* [Your assignment]:
Reproduce every line of the material below, but drop the pictures.

* [Information provided]:
******

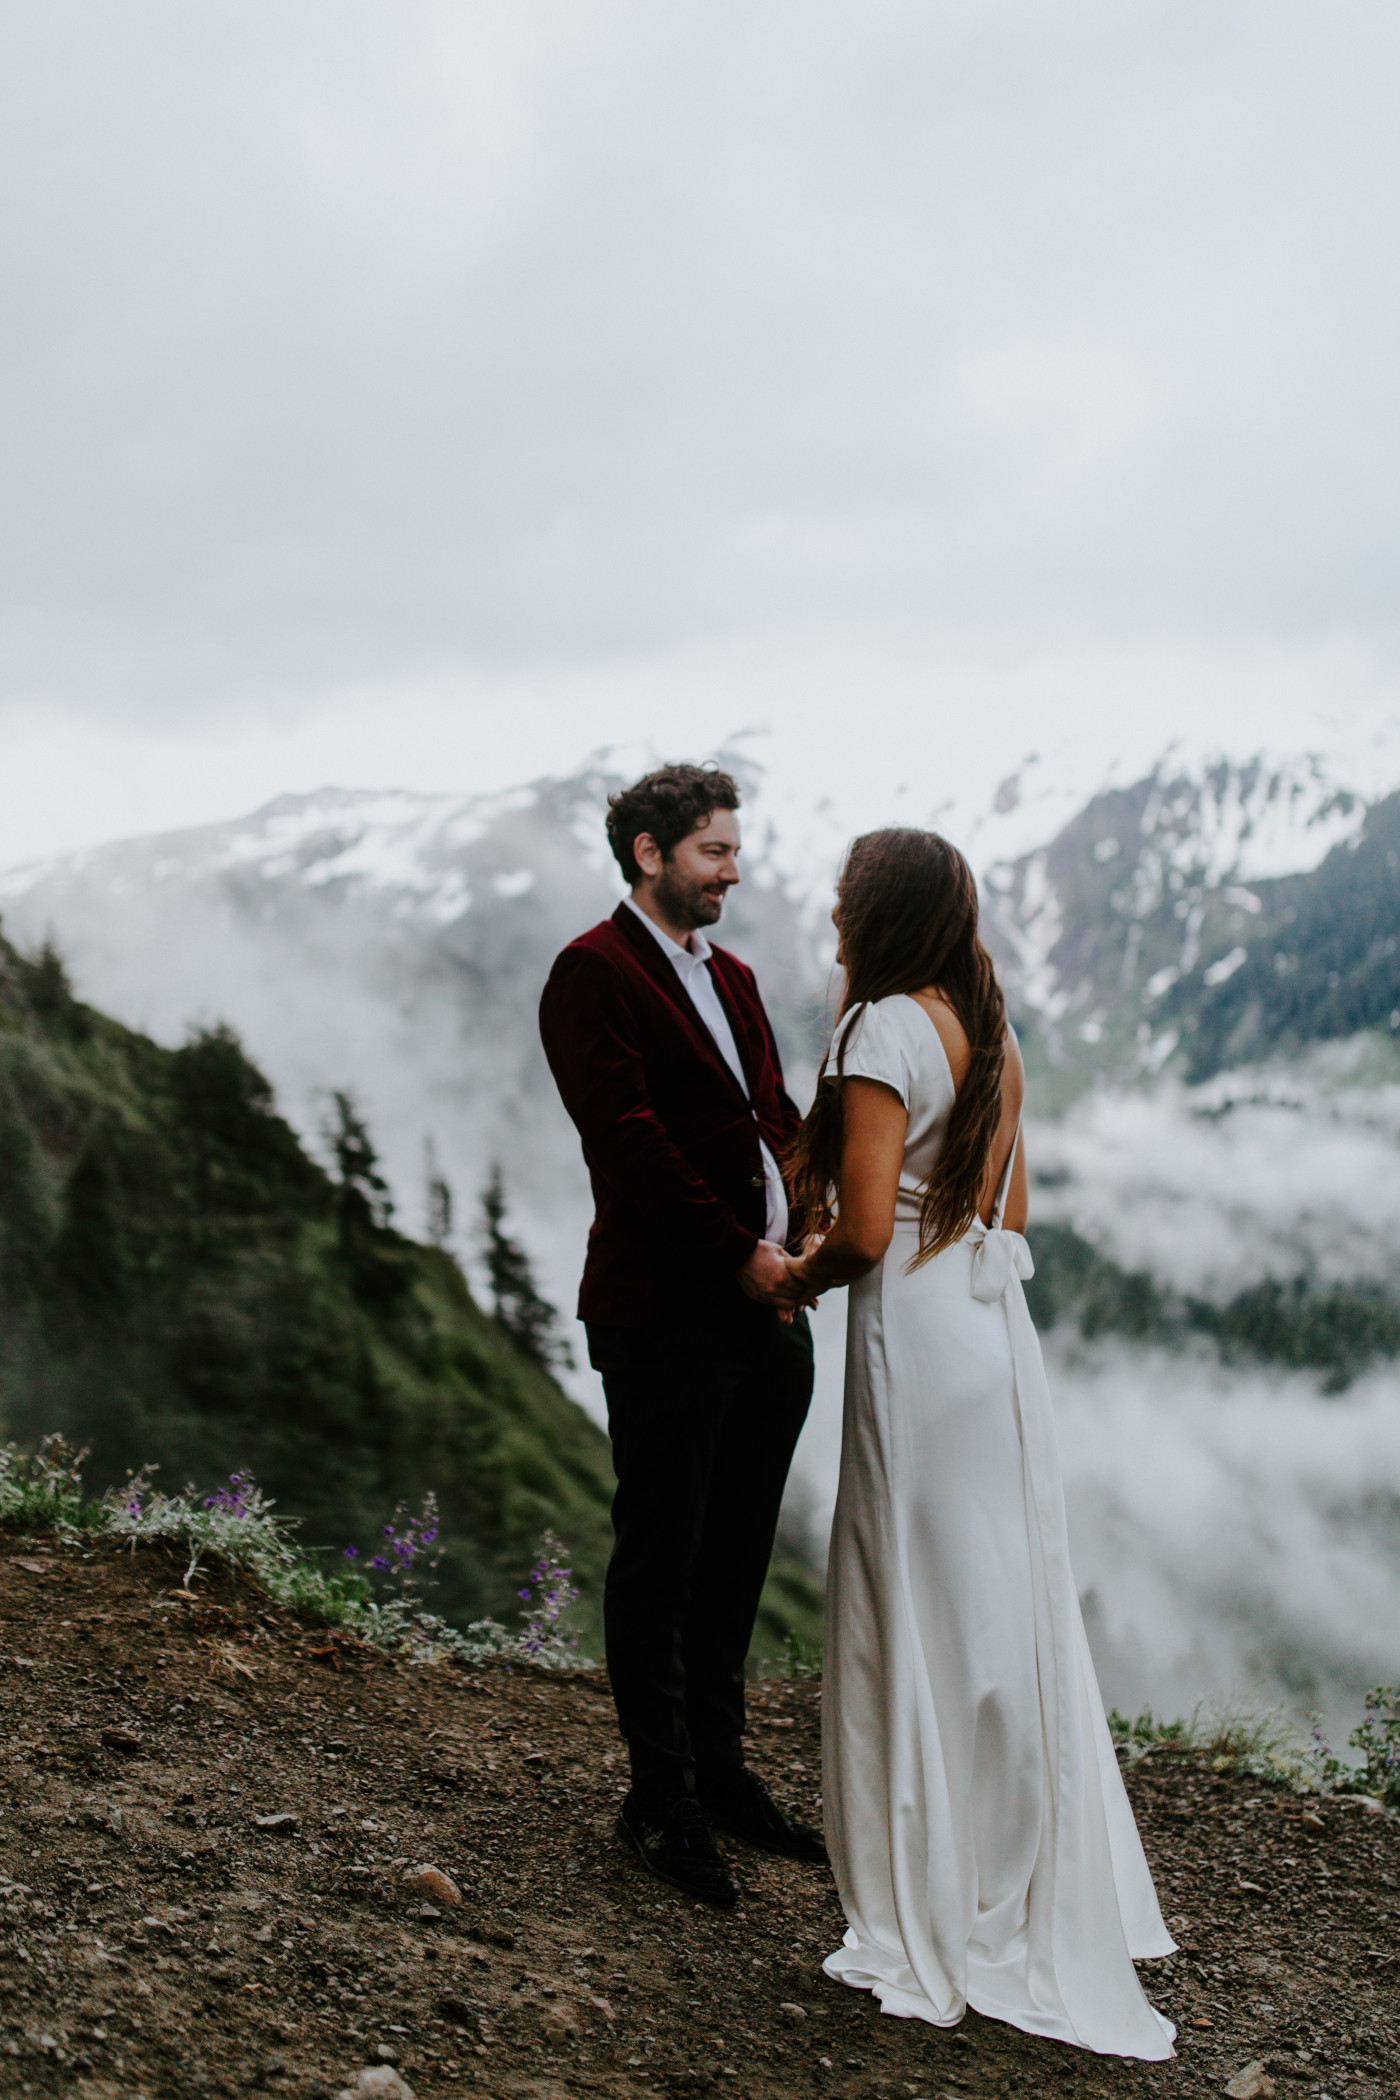 Murray and Katelyn stand in front of Mount Hood during their elopement ceremony. Elopement wedding photography at Mount Hood by Sienna Plus Josh.
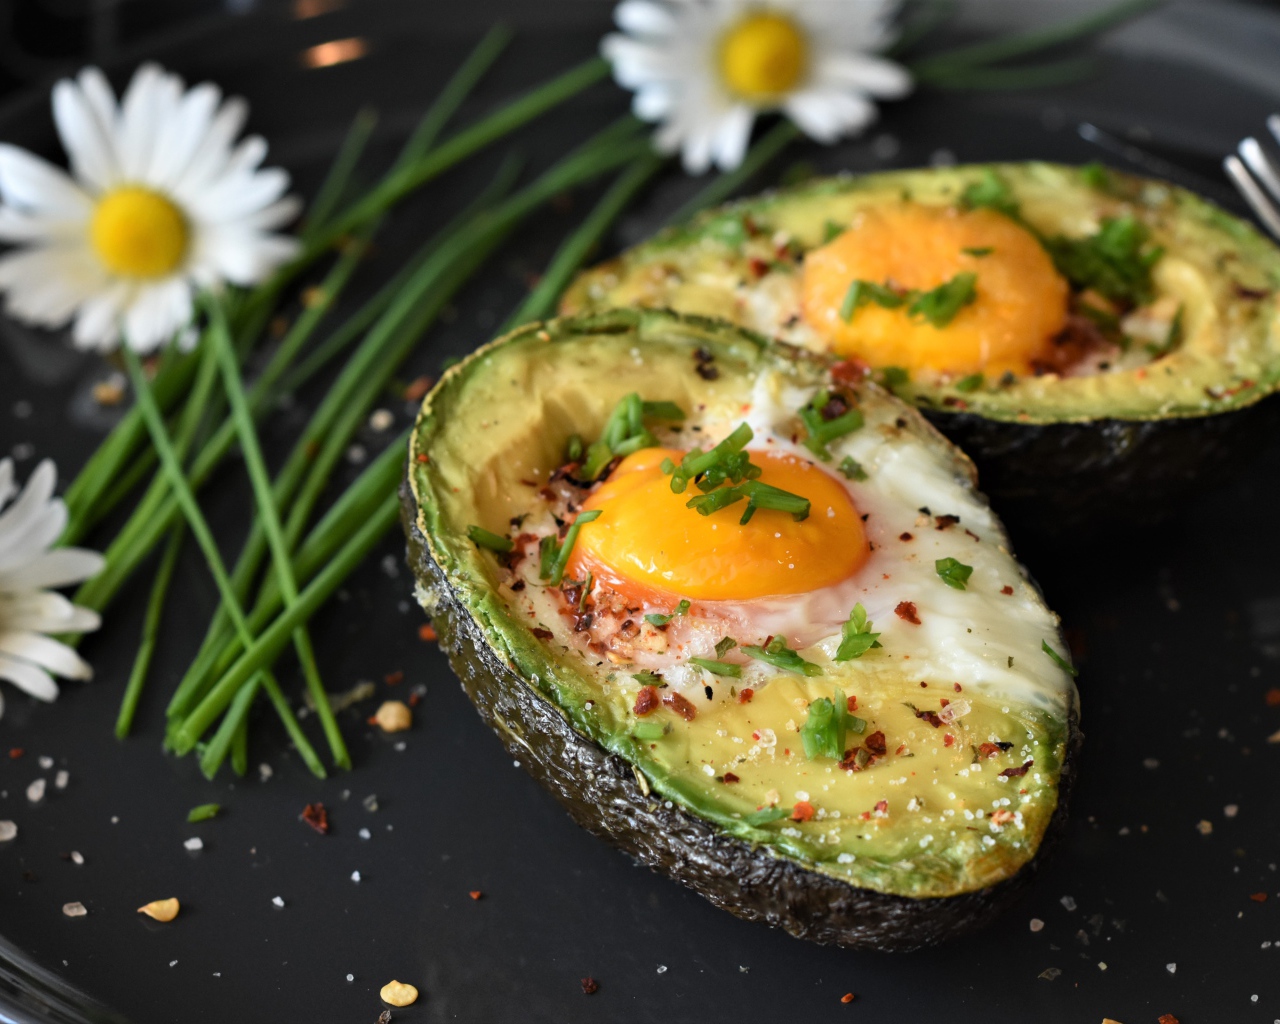 Baked avocado with scrambled eggs in a pan
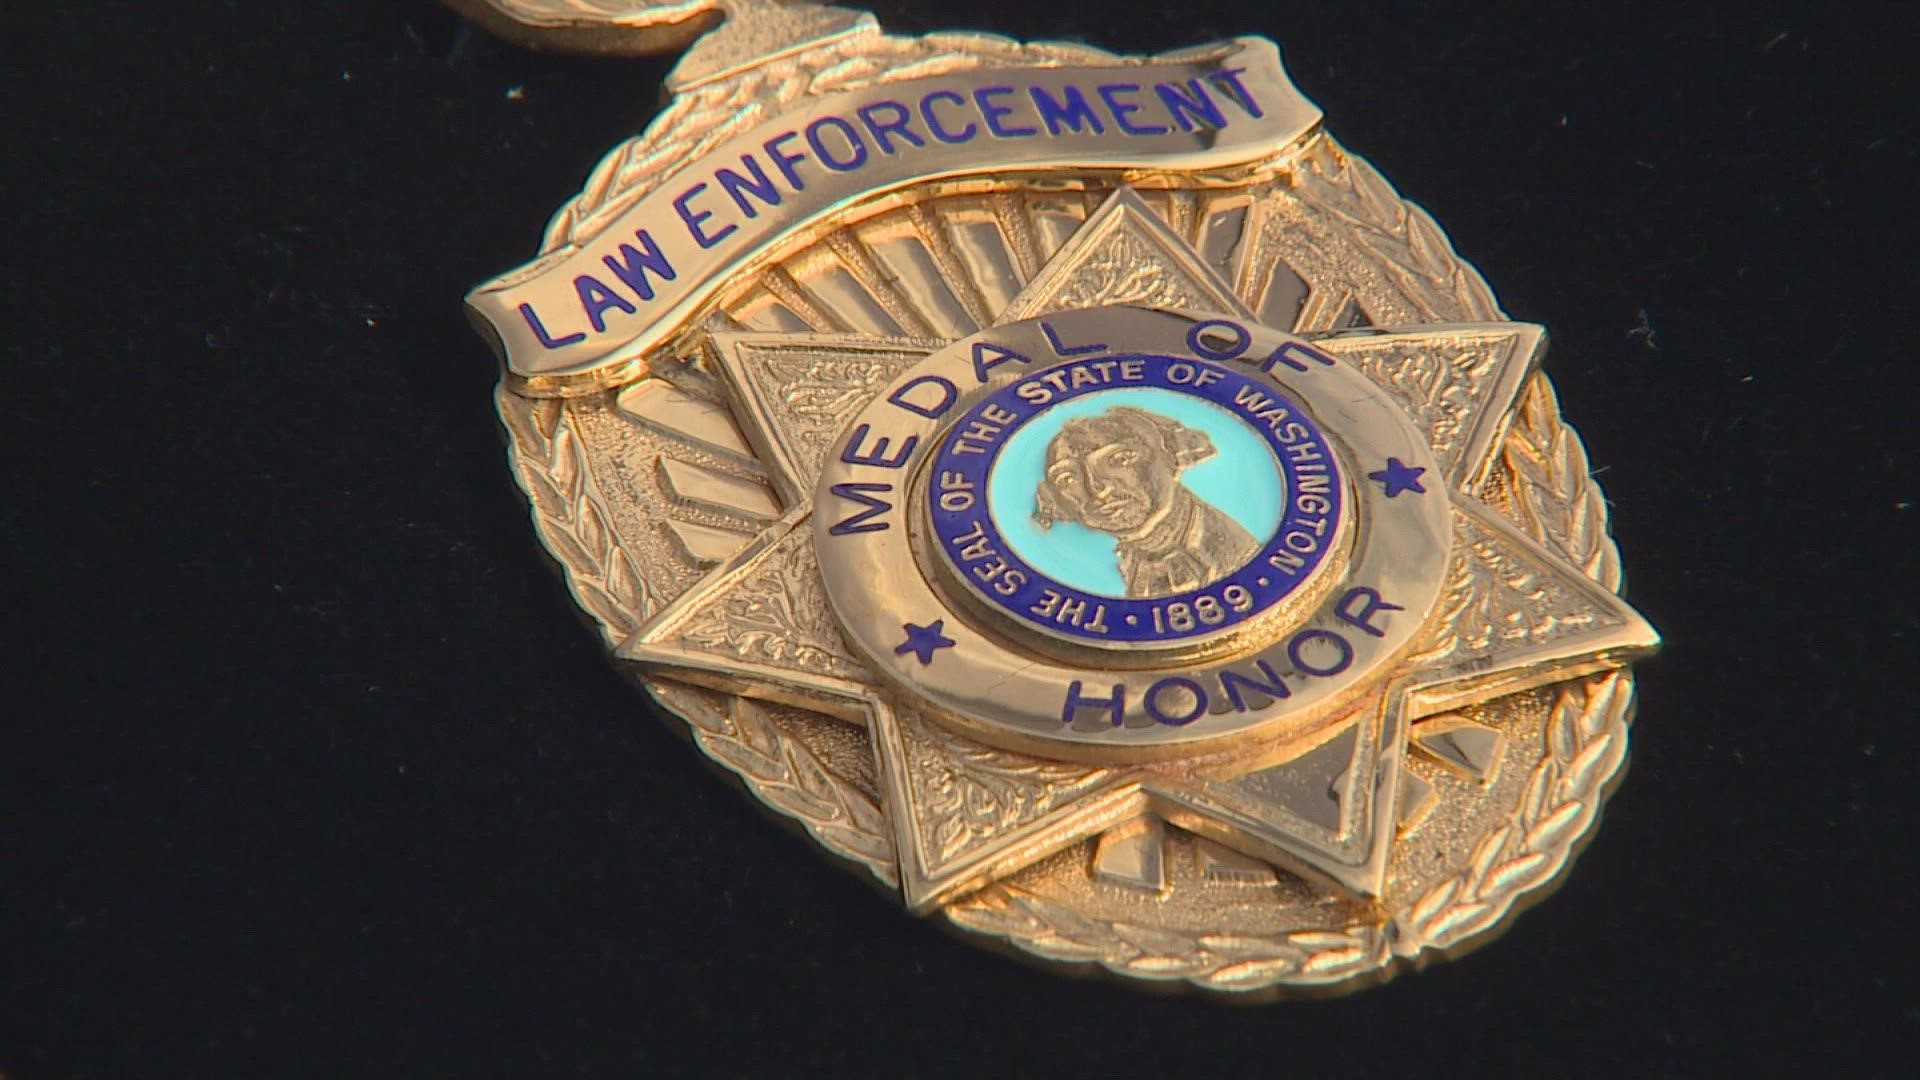 Several officers who died in the line of duty were awarded the medals posthumously. Other officers were recognized for acts of heroism.

******

* [Solution for this task]:
 Murray and Katelyn stand in front of Mount Hood during their elopement ceremony. Elopement wedding photography at Mount Hood by Sienna Plus Josh.
 Baked avocado with scrambled eggs in a pan
 Several officers who died in the line of duty were awarded the medals posthumously. Other officers were recognized for acts of heroism.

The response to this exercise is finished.